### Given material
=== Section Start ===
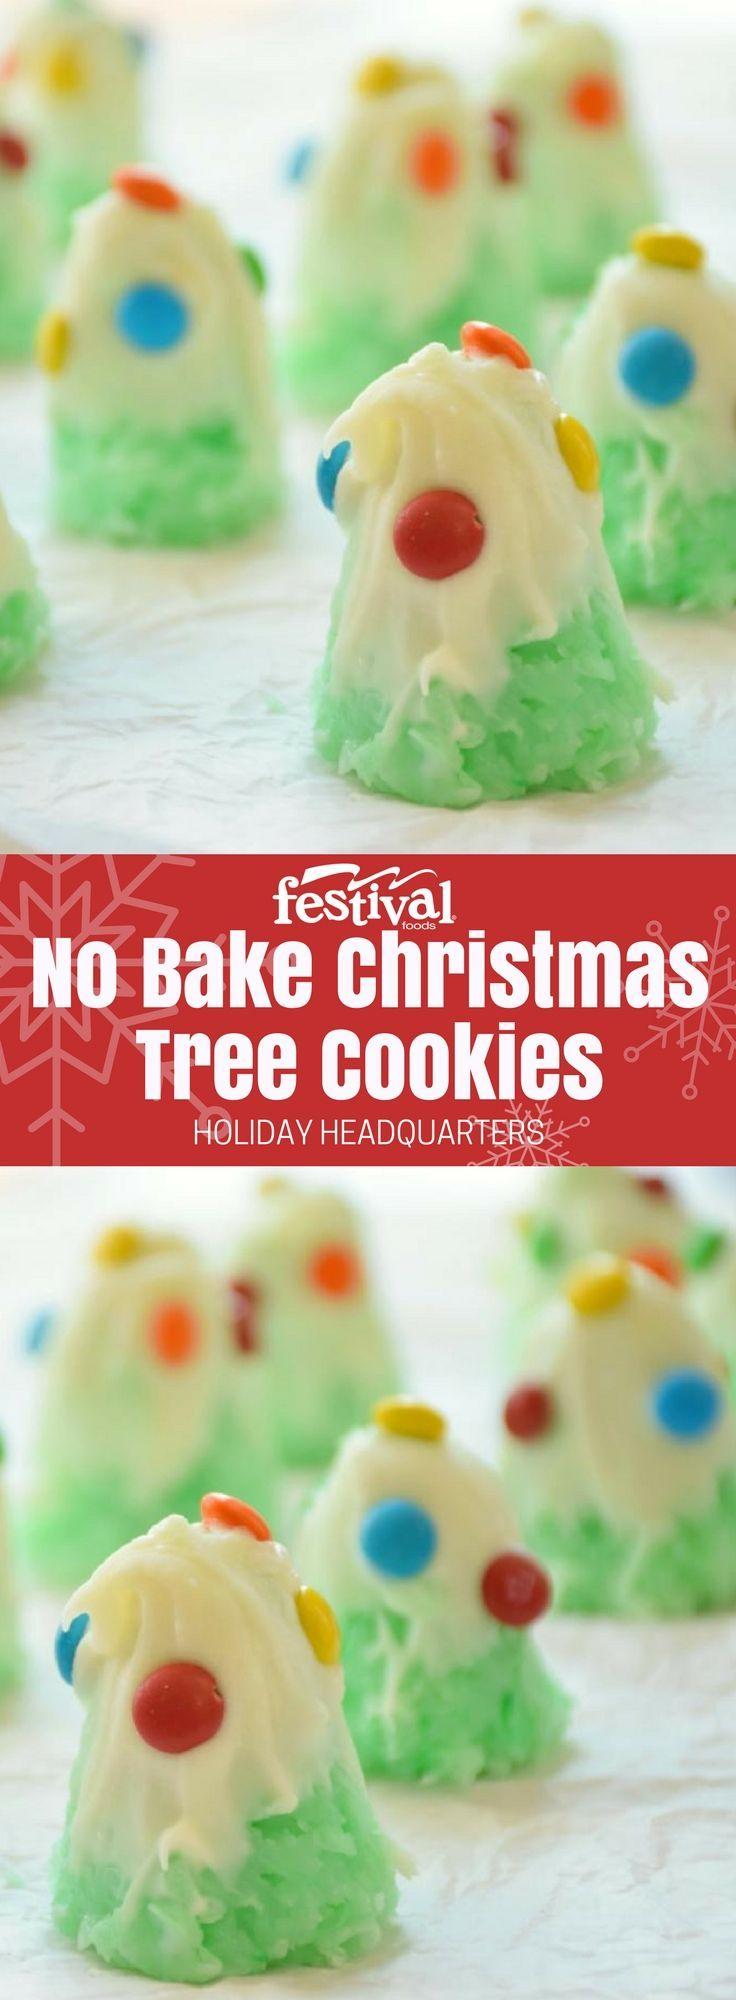 No Bake Christmas Tree Cookies | Christmas tree cookies, Christmas ...
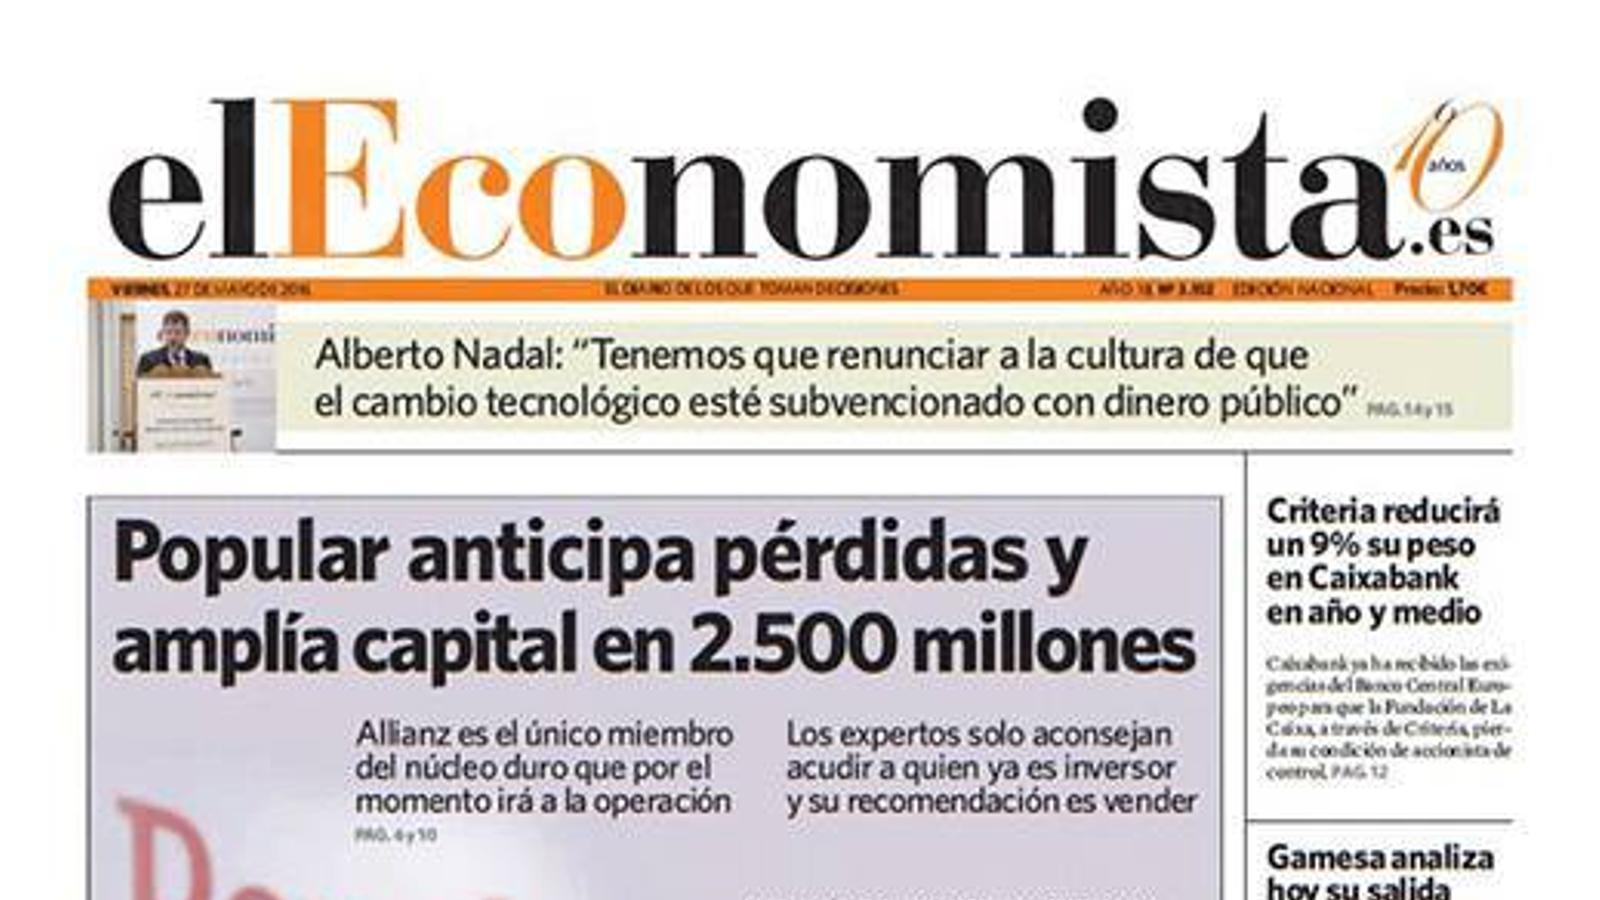 La crisi del Banco Popular, a les portades de la premsa econòmica
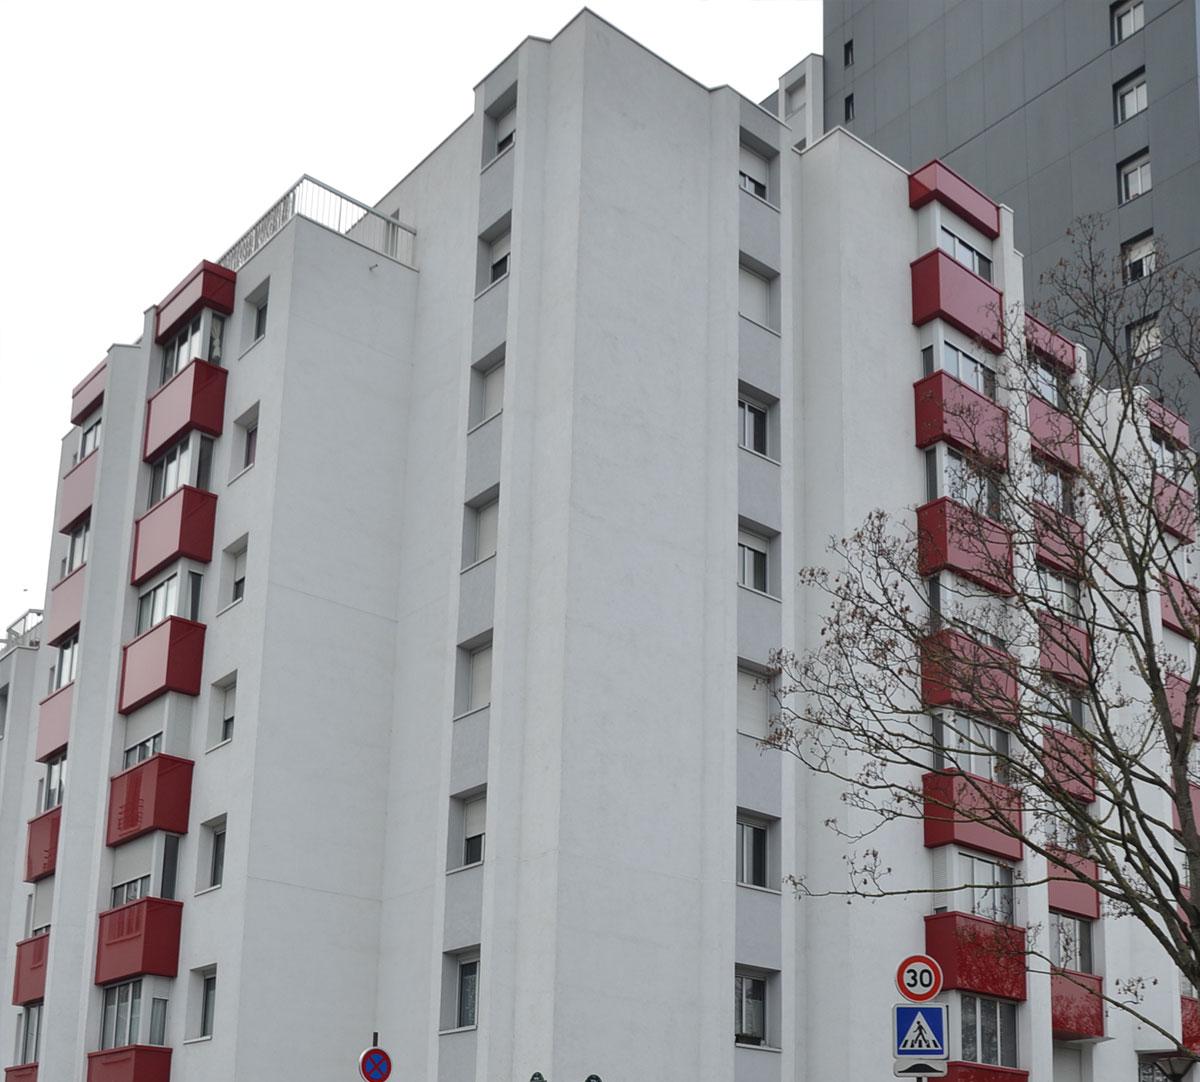 Réalisation Bavettes d'appuis rouge et blanche : image 1
=== Section End ===
The lines to write out run from the one containing "La crisi del" through the final line of the material above, both included; write them out exactly, with no pictures.

 La crisi del Banco Popular, a les portades de la premsa econòmica
 Réalisation Bavettes d'appuis rouge et blanche : image 1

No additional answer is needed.